MySQL Bugs: #65020: Restarting failed ndb node seems to succeed in mcm but doesn't in real world

Bug #65020	Restarting failed ndb node seems to succeed in mcm but doesn't in real world
Submitted:	18 Apr 2012 9:13	Modified:	29 May 2012 18:33
Reporter:	Mario Beck	Email Updates:
Status:	Closed	Impact on me:	None
Category:	MySQL Cluster Manager: CLI	Severity:	S3 (Non-critical)
Version:	1.1.5	OS:	Any
Assigned to:		CPU Architecture:	Any
Tags:	failed node, mcm, restart

Description:
I killed -9 an ndb process. Status is failed. Restart will not work.
But: "start process 1 mycluster" returns "process successfully started".
And the operation is listed as "finished".
See transcript below.
A proper error and a hint to run "stop process" first to clear the failed status would be nicer to support the poor admin.
The current behavior is misleading.

How to repeat:
Setup a cluster with "mcmd --bootstrap".
Once the cluster is up and running kill one of the ndbd processes:
kill -9 <pid>
Run the following mcm session:

mcm> show status --process mycluster;
+--------+----------+--------+---------+-----------+-----------+
| NodeId | Process  | Host   | Status  | Nodegroup | Package   |
+--------+----------+--------+---------+-----------+-----------+
| 49     | ndb_mgmd | olga64 | running |           | mypackage |
| 1      | ndbd     | olga64 | failed  | 0         | mypackage |
| 2      | ndbd     | olga64 | running | 0         | mypackage |
| 50     | mysqld   | olga64 | running |           | mypackage |
| 51     | mysqld   | olga64 | running |           | mypackage |
| 52     | ndbapi   | *      | added   |           |           |
+--------+----------+--------+---------+-----------+-----------+
6 rows in set (0.03 sec)

mcm> start process 1 mycluster;
+------------------------------+
| Command result               |
+------------------------------+
| Process started successfully |
+------------------------------+
1 row in set (0.23 sec)

mcm> show status --operation mycluster;
+---------------+----------+--------------+
| Command       | Status   | Description  |
+---------------+----------+--------------+
| start process | finished | <no message> |
+---------------+----------+--------------+
1 row in set (0.03 sec)

mcm> show status --process mycluster;
+--------+----------+--------+---------+-----------+-----------+
| NodeId | Process  | Host   | Status  | Nodegroup | Package   |
+--------+----------+--------+---------+-----------+-----------+
| 49     | ndb_mgmd | olga64 | running |           | mypackage |
| 1      | ndbd     | olga64 | failed  | 0         | mypackage |
| 2      | ndbd     | olga64 | running | 0         | mypackage |
| 50     | mysqld   | olga64 | running |           | mypackage |
| 51     | mysqld   | olga64 | running |           | mypackage |
| 52     | ndbapi   | *      | added   |           |           |
+--------+----------+--------+---------+-----------+-----------+
6 rows in set (0.11 sec)

Suggested fix:
Do not report "Process started successfully" but instead display a message
that the node is in "failed" state and you have to run "stop process <nodeid> <clustername> first in order to clear the "failed" status. And then try "start process <nodeid> <clustername>" again.

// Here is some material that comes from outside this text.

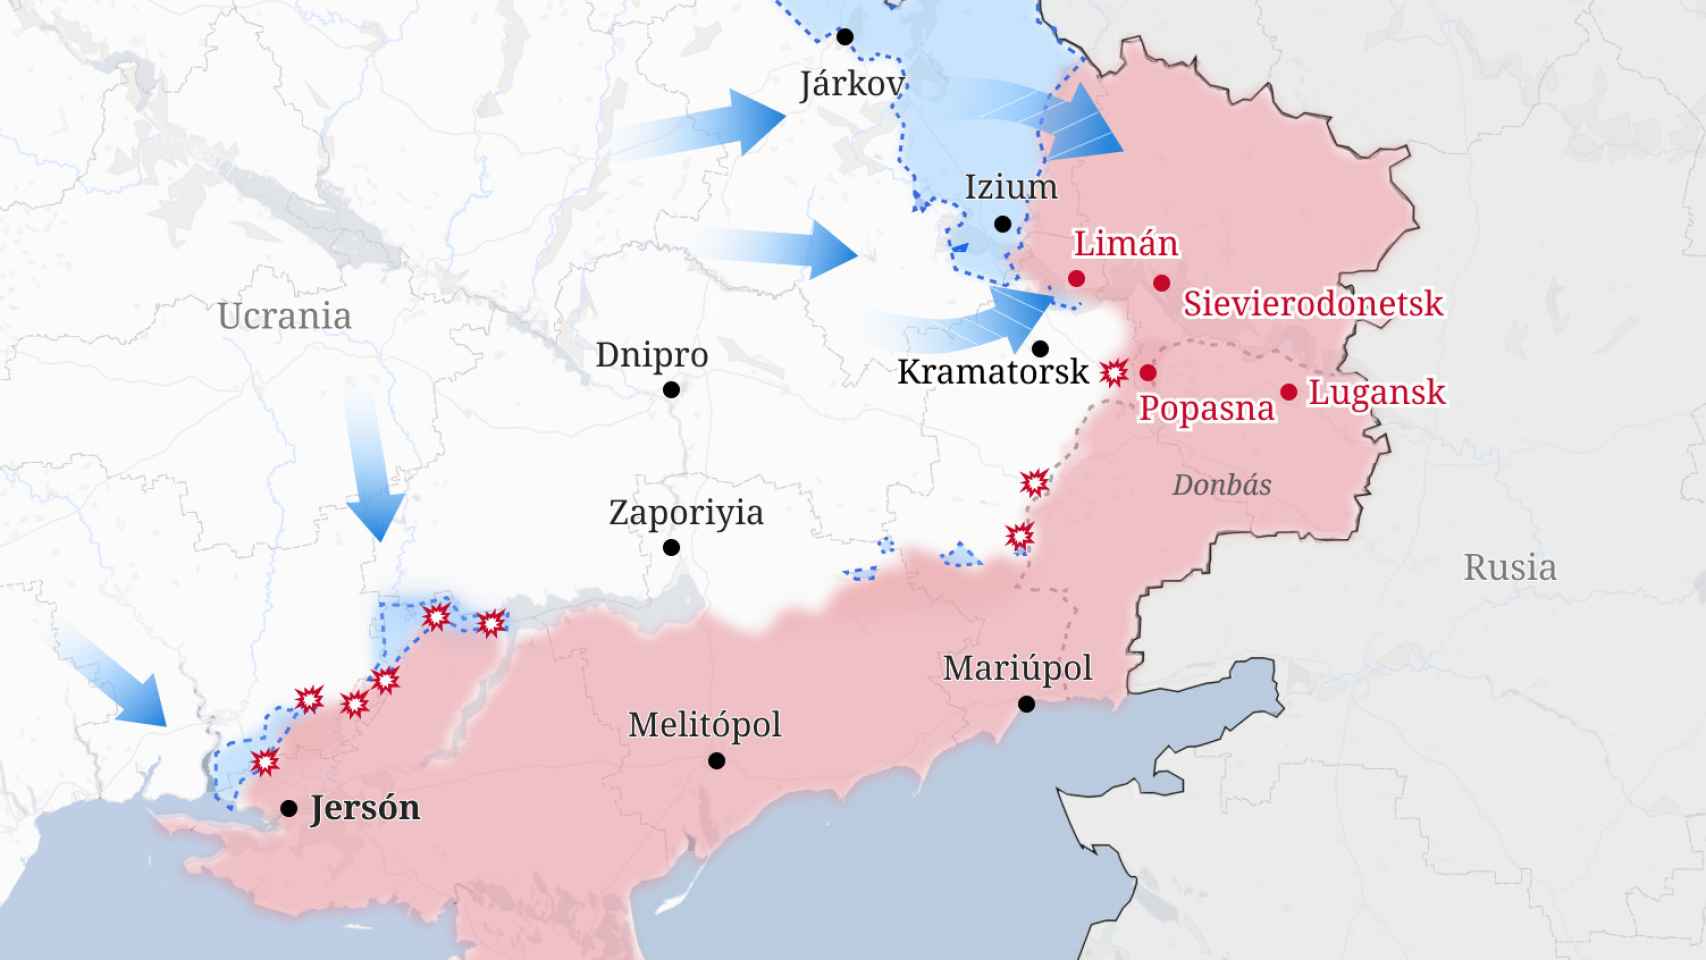 Actualización del mapa de Ucrania a 11 de septiembre. Fuente: ISW, Ministerio de Defensa de Reino Unido, elaboración propia

Even more convenient would be to clear the failed status automatically when restarting.
START PROCESS should check if status is "failed". If yes, issue STOP first, then go to the normal START procedure.

This bug is fixed in mcm1.1.6

Thank you for your bug report. This issue has already been fixed in the latest released version of that product, which you can download at

  http://www.mysql.com/downloads/